# Input data
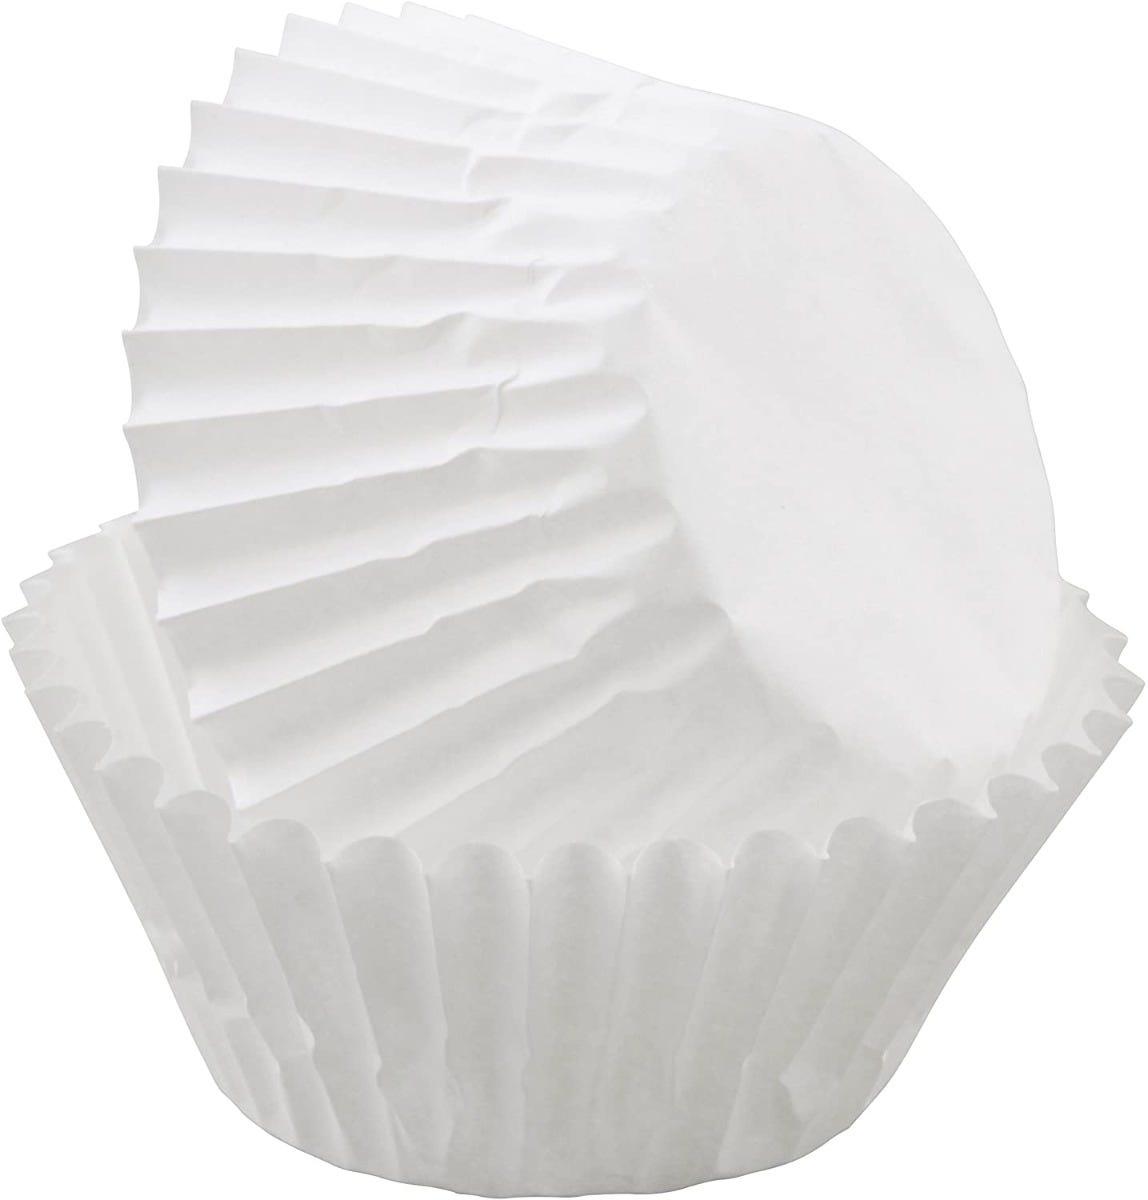 Capacillos para muffin de papel Wilton®, Set de 100 pzas.
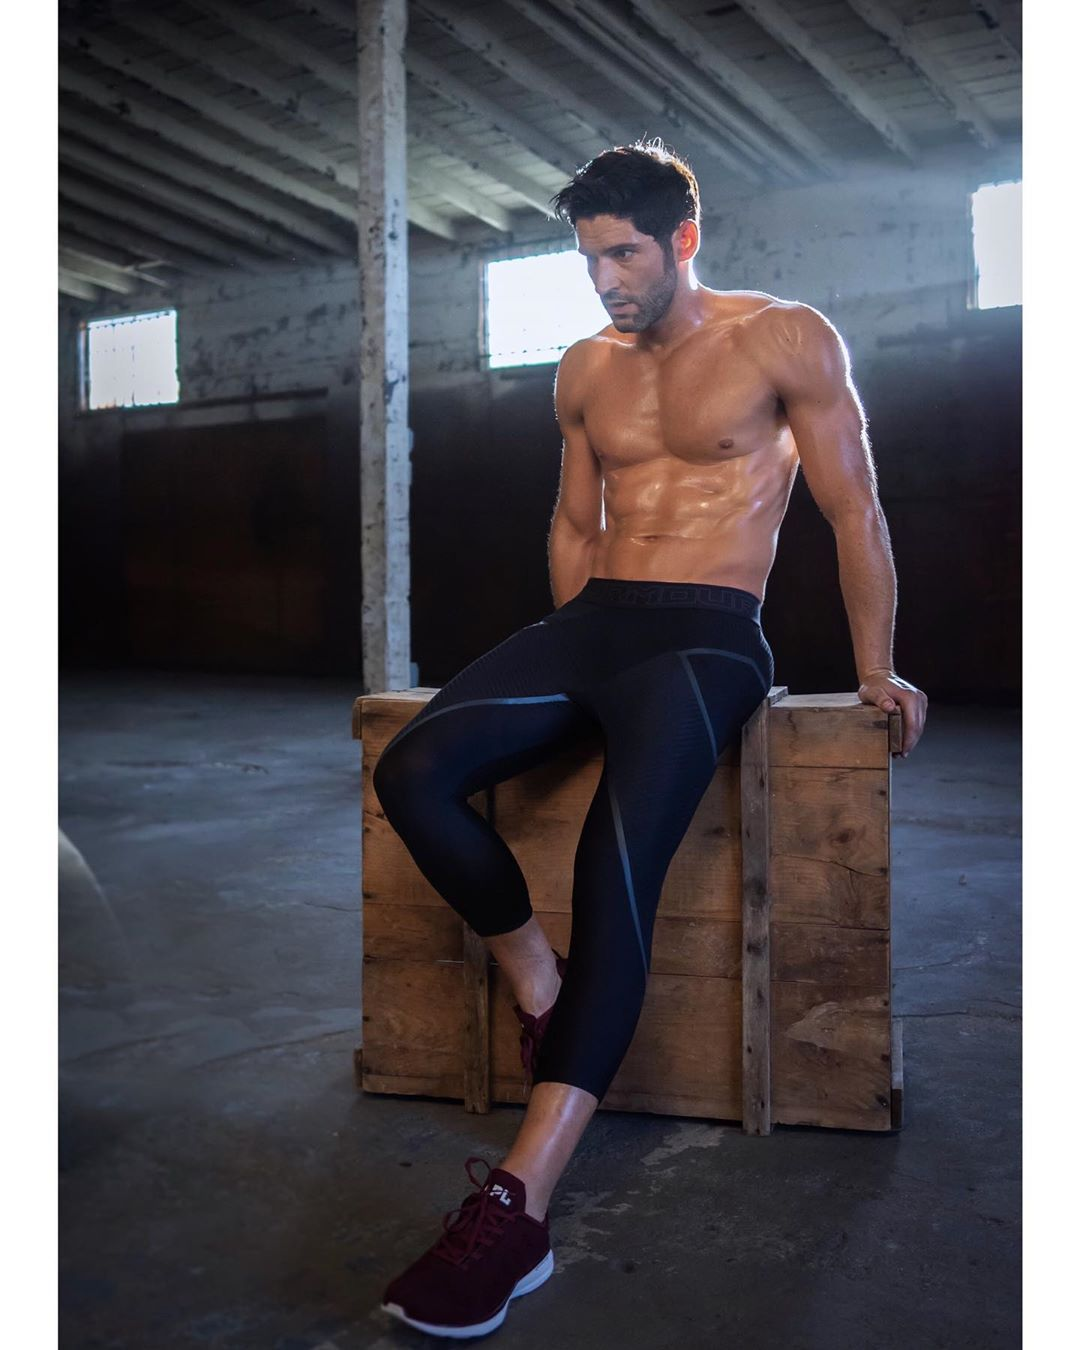 New Pictures Of Tom Ellis: BTS Men's Health Photoshoot
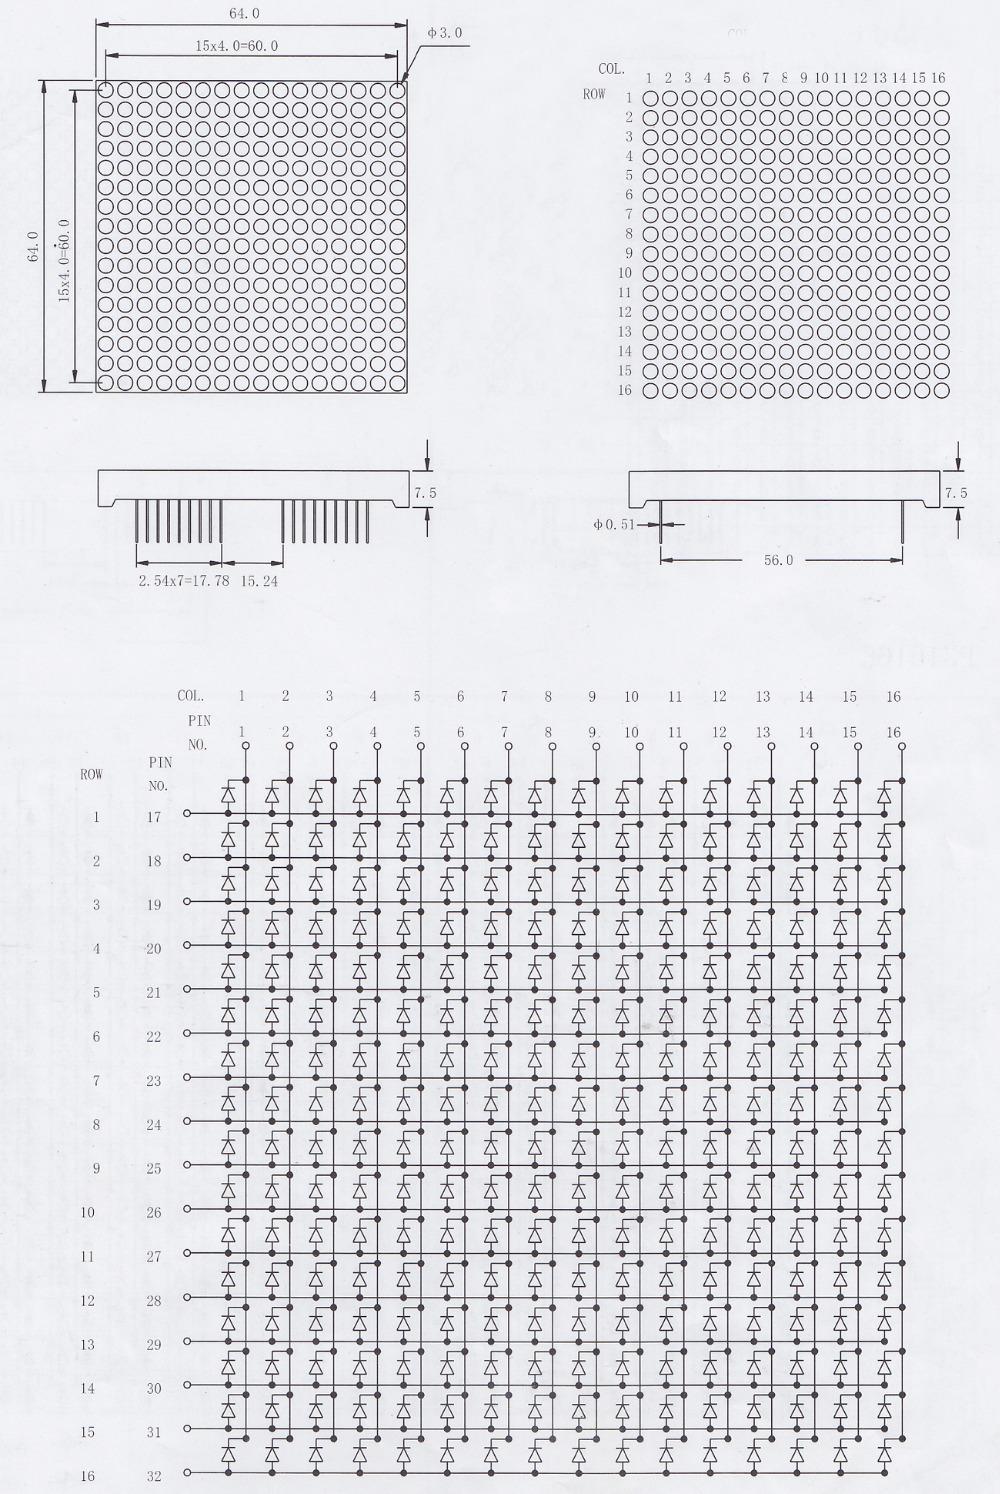 50x50mm Full color 1.8mm dot 16x16 dot matrix led display rgb 16x16 led matrix manufacturer

# What you should do
With pictures left out, repeat exactly the lines from the one containing "New Pictures Of" through the last line of the data above, inclusive, and nothing else.

# Your response
 New Pictures Of Tom Ellis: BTS Men's Health Photoshoot
 50x50mm Full color 1.8mm dot 16x16 dot matrix led display rgb 16x16 led matrix manufacturer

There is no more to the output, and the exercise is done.